I rarely go to movies, maybe once a year. Inception (2010) was an exception largely in part of the fantastic reviews and I'm a DiCaprio fan. However, I was also curious as a psychologist. The movie was about levels of consciousness and memories. Memory formation has been a controversial area of research for decades with implications from the law to abuse to your own memory (check out the TED Talk "The  fiction of memory").
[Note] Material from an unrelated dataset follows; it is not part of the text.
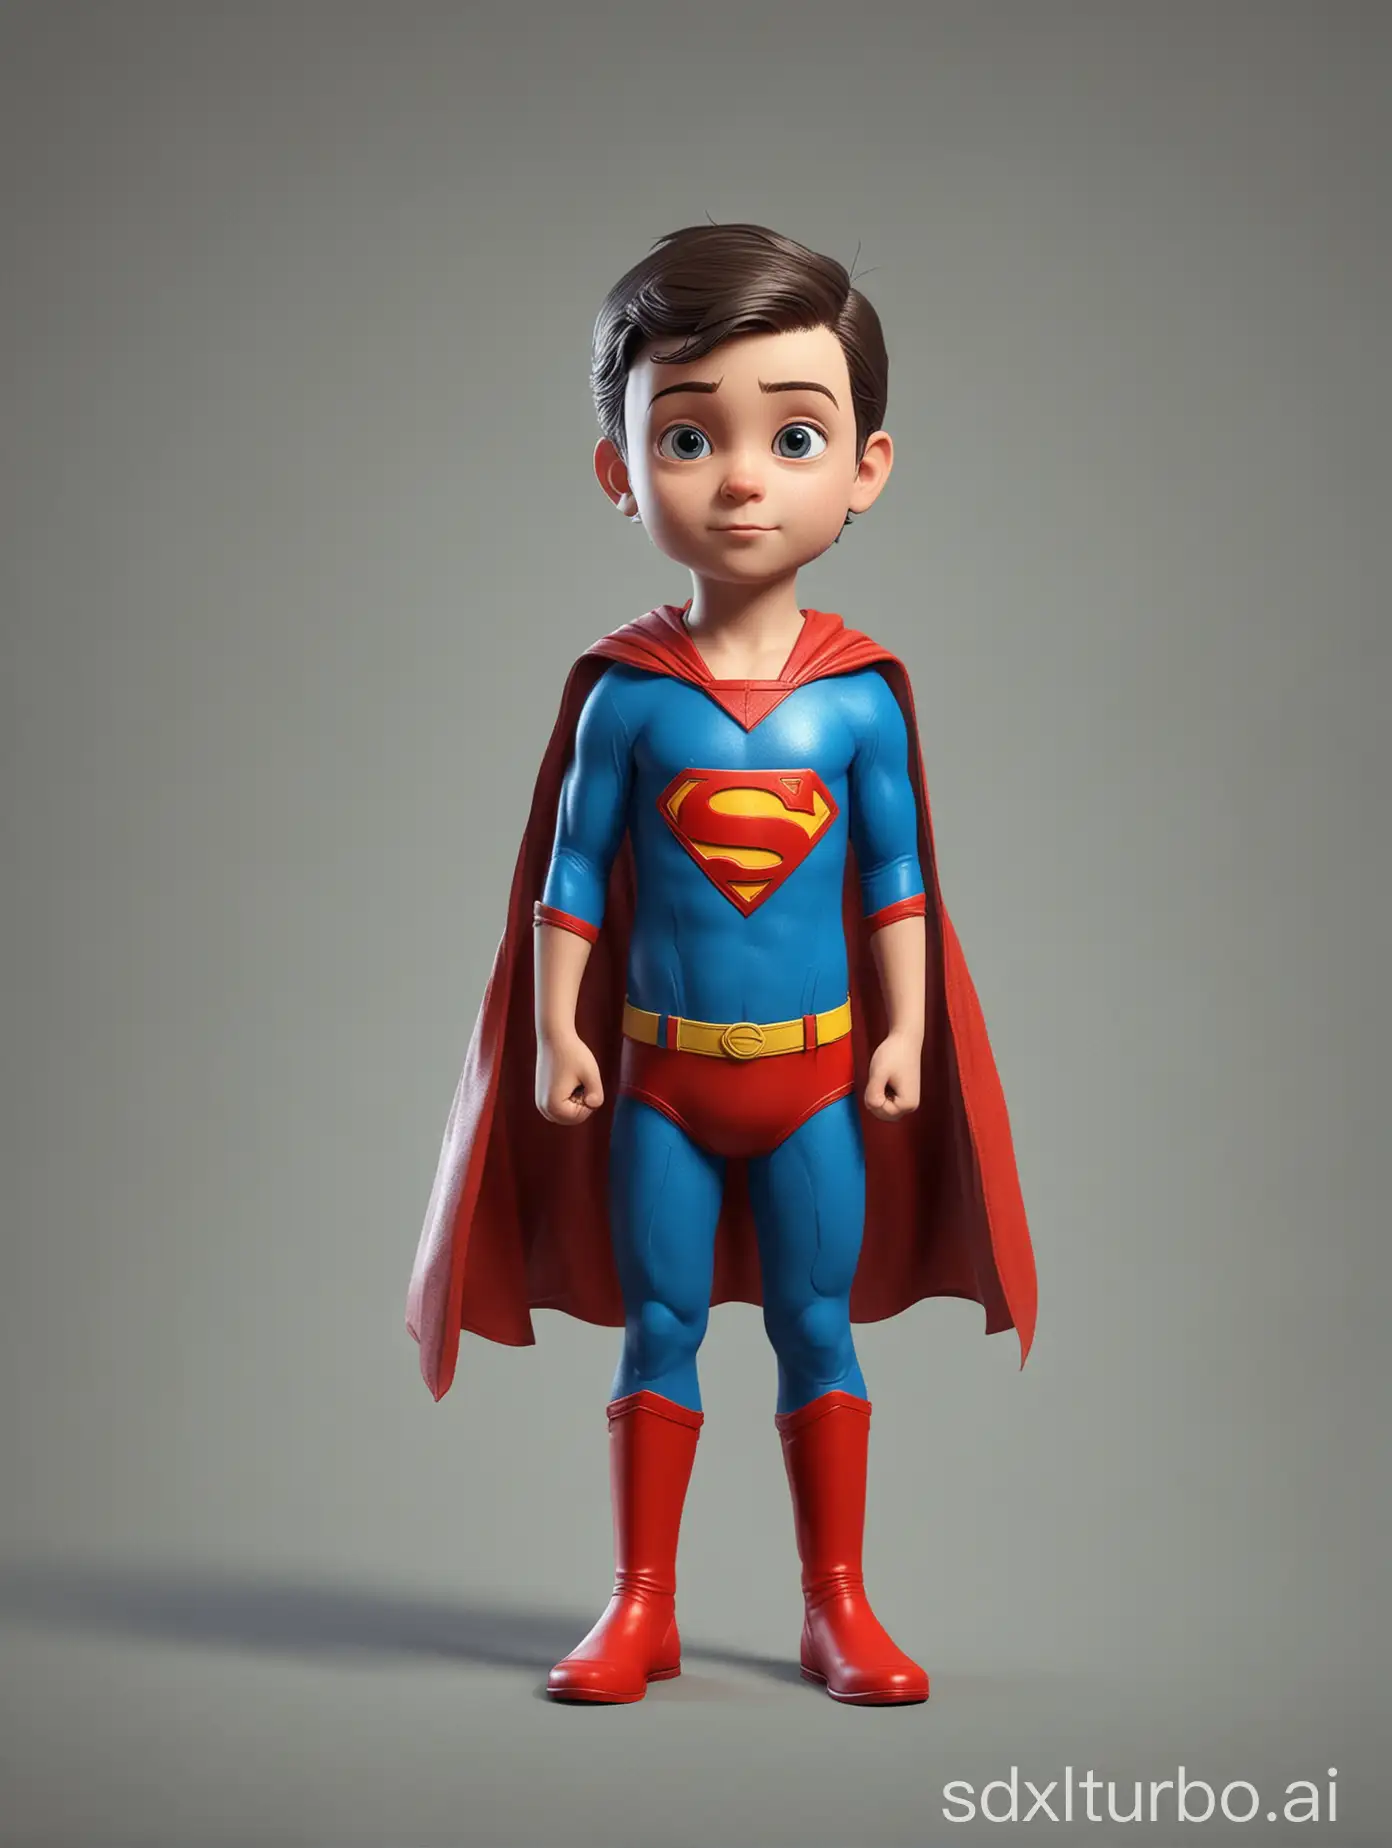 Little child Superman, game character, stands at full height

As I reflected on the movie, my mind kept returning to the therapy process. There were many themes in the movie that I experience in the therapy room. Initially I thought my narcissism was kicking in. Is it a bit much to compare working with a patient to a blockbuster mind bender? Set aside the process of inception or extraction. Reflect more on the underlying process of entering someone's mind, circumnavigating their and your own defenses, and uncovering raw, genuine experiences. Read below and you be the judge.

Protection of the subconscious while in a dream state. 

A major theme of therapy is the patient protecting the unconscious. Dom Cobb (DiCaprio) offers a service to Saito (Ken Watanabe) of training his mind to protect its secrets from extractors when in a vulnerable mental state. In Saito's case, the vulnerable state of dreaming.  People protect their emotional world by gaining distance from real feelings by utilizing defense mechanisms such as repression, rationalization, and humor. These mechanisms offer protection from the power of our emotional world. 

Therapy is the process of extracting. Extracting that memory or experience that lies deep within the psyche. An emotional experience that's difficult to reach. In the real world, we present differently than we do in the privacy of our home or a therapy room. We work to maintain our composure in public, counting down the minutes until you can finally be yourself. Our public and private experiences are different levels of consciousness. Therapy is the plot of Inception, gaining the combination to a personal safe.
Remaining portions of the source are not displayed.